Le romancier s’est intéressé aux lieutenants d’Alexandre, à ceux qui se partagent le pouvoir et l’empire, à ceux qui s’entre-déchirent pour la succession. Ceux qui ont compris que posséder le corps, c’est posséder le pouvoir… Face à ces appétits, d’étranges voix vont planer, qui appellent à la suprême liberté.

Il y avait longtemps que je n’avais lu de roman de Laurent Gaudé (je n’ai lu, bien avant le blog, que La mort du Roi Tsongor et Le soleil des Scorta, je crois…) et je dois avouer que j’ai eu un peu de mal à (presque) lâcher prise pour comprendre qui parlait et me laisser porter par les différentes voix dans les tout premiers chapitres. J’ai même failli m’ennuyer car je commençais à trouver le texte répétitif. Et puis… un déclic s’est produit au moment où « on » vole le corps d’Alexandre. La sauce a pris, le souffle épique que Laurent Gaudé a su créer m’a emportée.
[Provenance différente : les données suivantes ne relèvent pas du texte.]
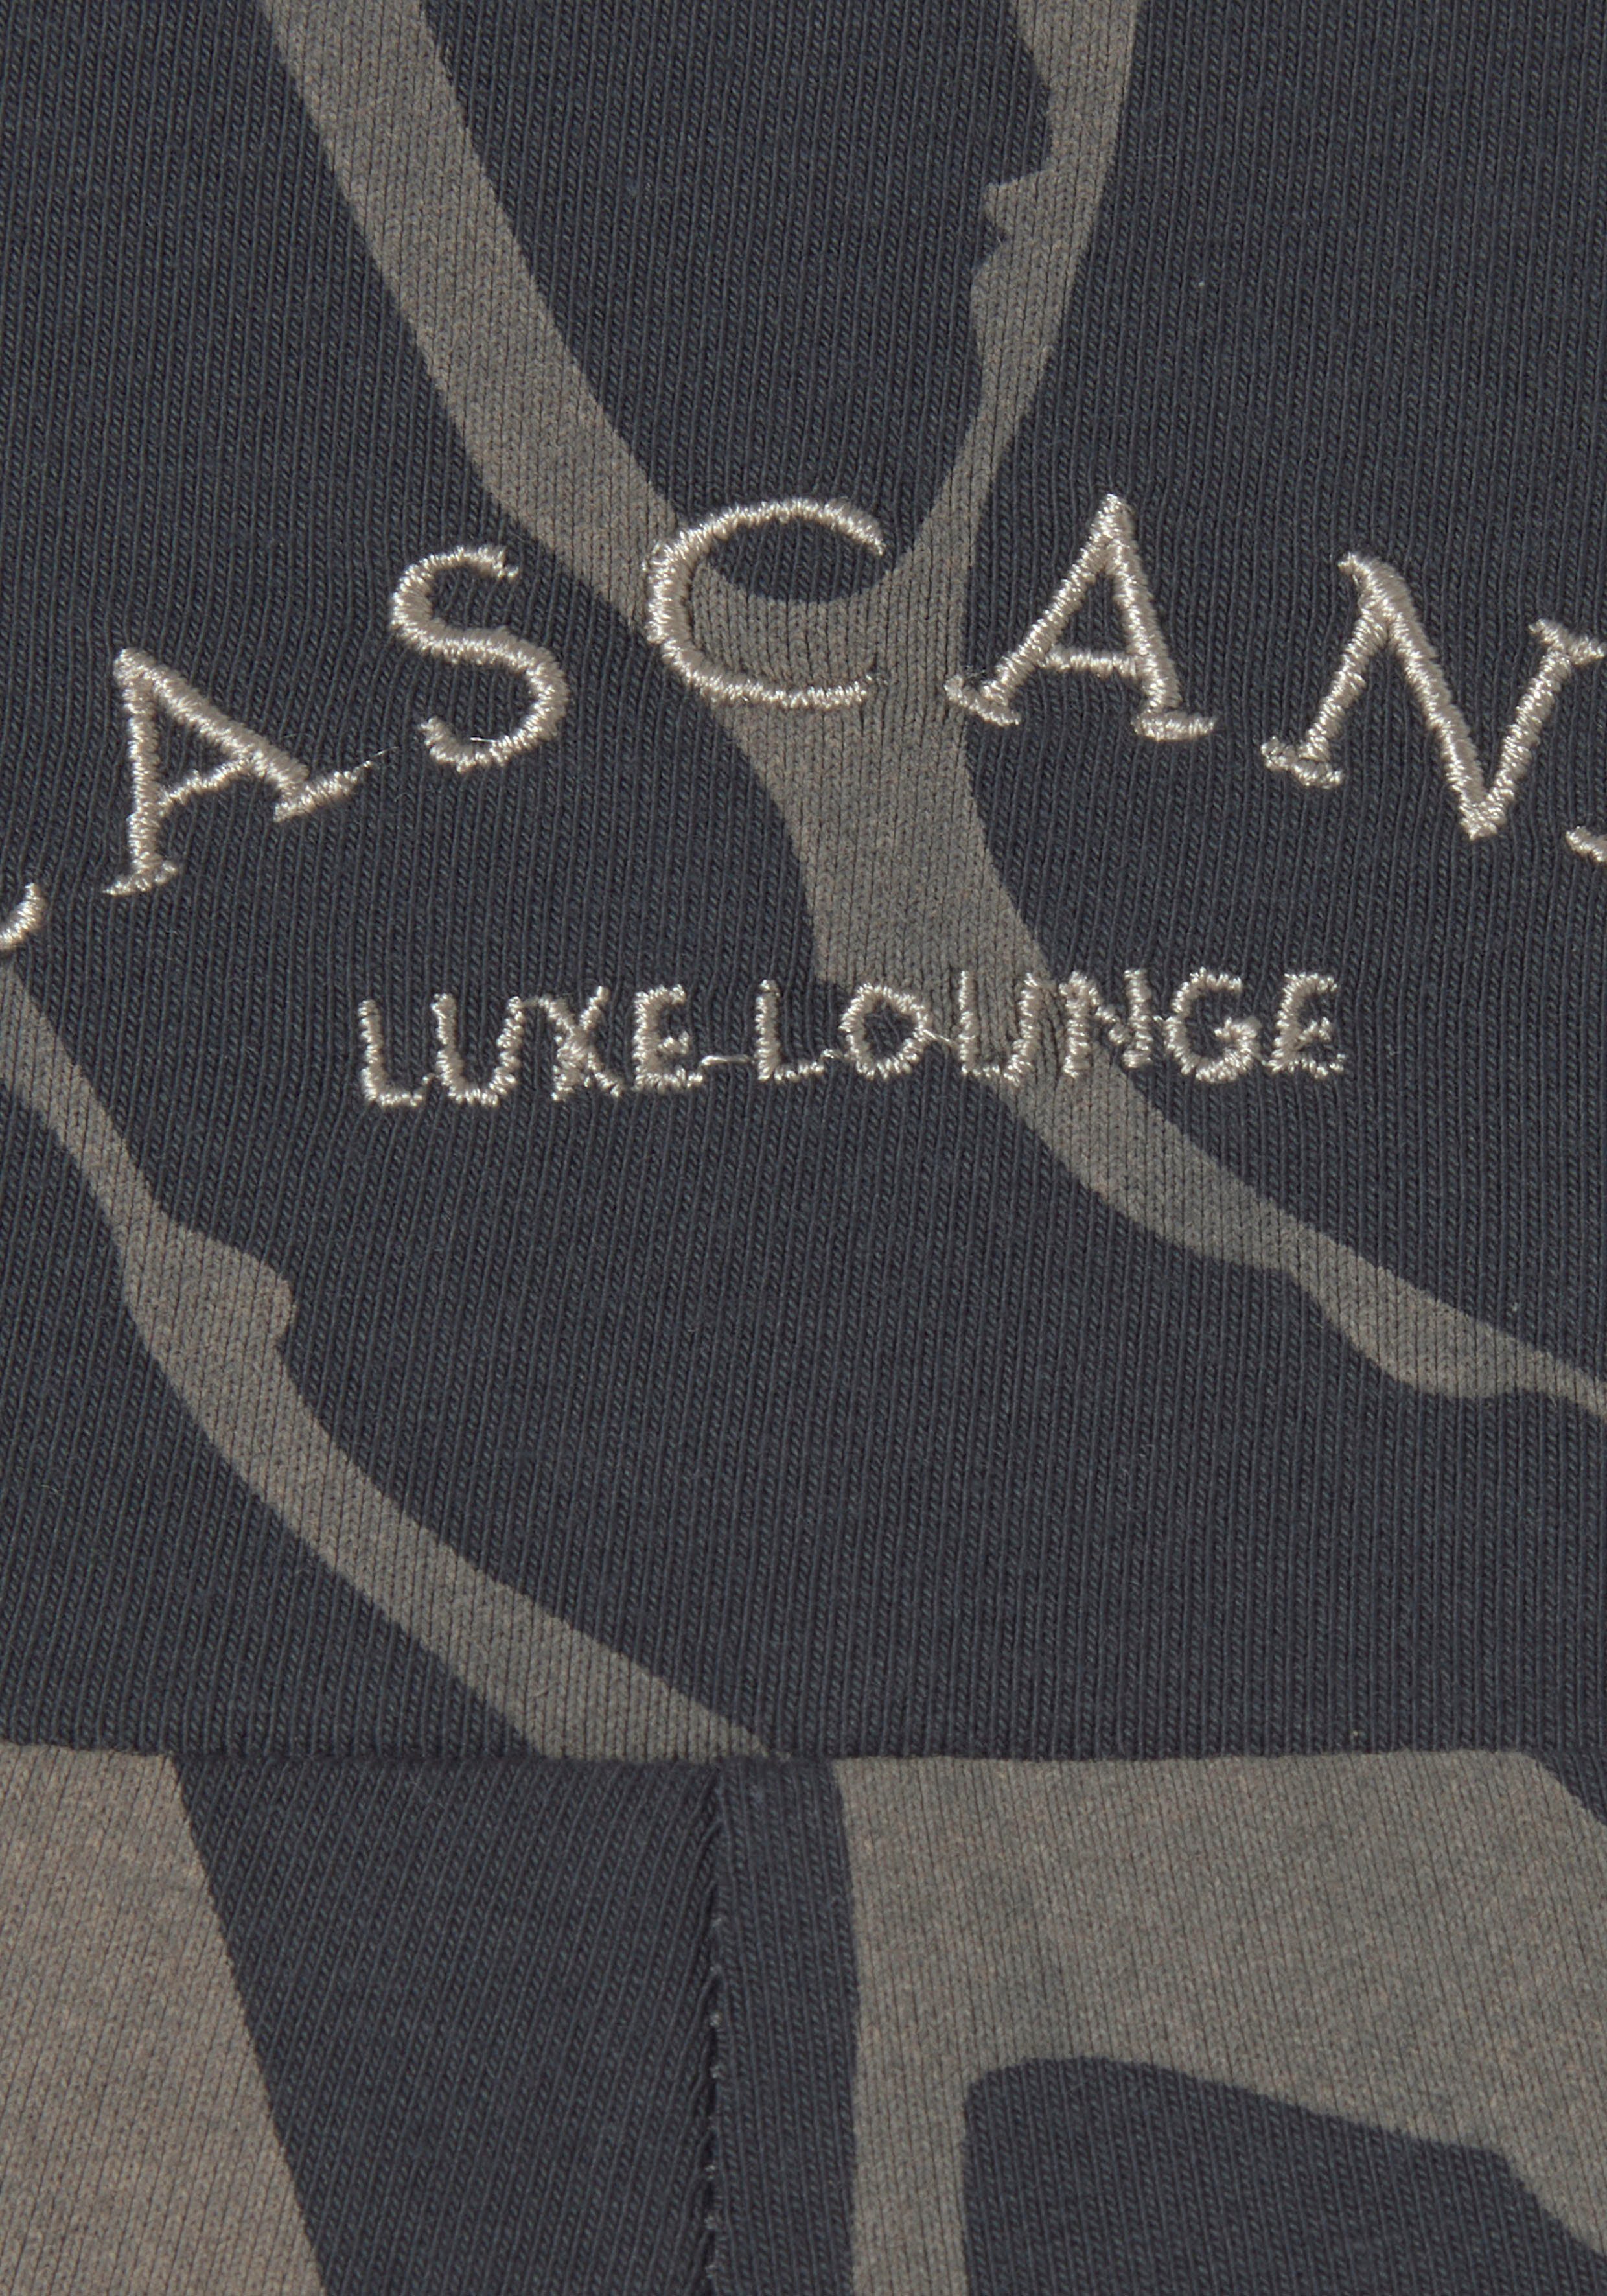 LASCANA Leggings -Loungehose mit Zebramuster und Loungewear Bund, breitem dunkelgrau-taupe

Je n’ai peut-être pas tout compris de son livre, mais il faut reconnaître qu’il sait jouer avec le mythe et le mystère… Avec Alexandre le Grand, il tente d’apprivoiser la mort, il pense le pouvoir et les hommes, il chuchote à l’oreille des chevaux qui arpentent les plaines d’Asie…

Une femme accompagne les derniers compagnons d’Alexandre, Dryptéis, dont le courage et l’obstination, la fidélité et l’audace entraînent ces hommes au-delà d’eux-mêmes.

Cela dit, le genre même du roman, qui joue avec le mythe et l’épopée, m’a tenue éloignée d’une certaine forme d’empathie, le destin des héros les laisse à leur qualité de héros assez lointains… et malgré la qualité de l’écriture, marquée de profondeur et de simplicité à la fois, je ne suis pas sûre de garder un souvenir durable de cette lecture.

« ‘O Alexandre, ce qu’il m’aura été donné de vivre à tes côtés.’ L’air est doux, une caresse du monde qui lui rappelle les soirs heureux sur les terrasses de Babylone. » (p. 145)

Laurent GAUDE, Pour seul cortège, Actes Sud, 2012

L’avis de Kathel, d’Asphodèle et de Jeneen

J’ai lu ce livre dans le cadre de l’opération Les Matches de la Rentrée littéraire, de PriceMinister. Merci à Olivier, de PM, et aux éditions Actes Sud pour l’envoi de ce livre ! Et j’ai atteint 2 % du challenge de la Rentrée, en route vers le 3 %.

Il faut donner une note à ce roman, je dirais 15/20.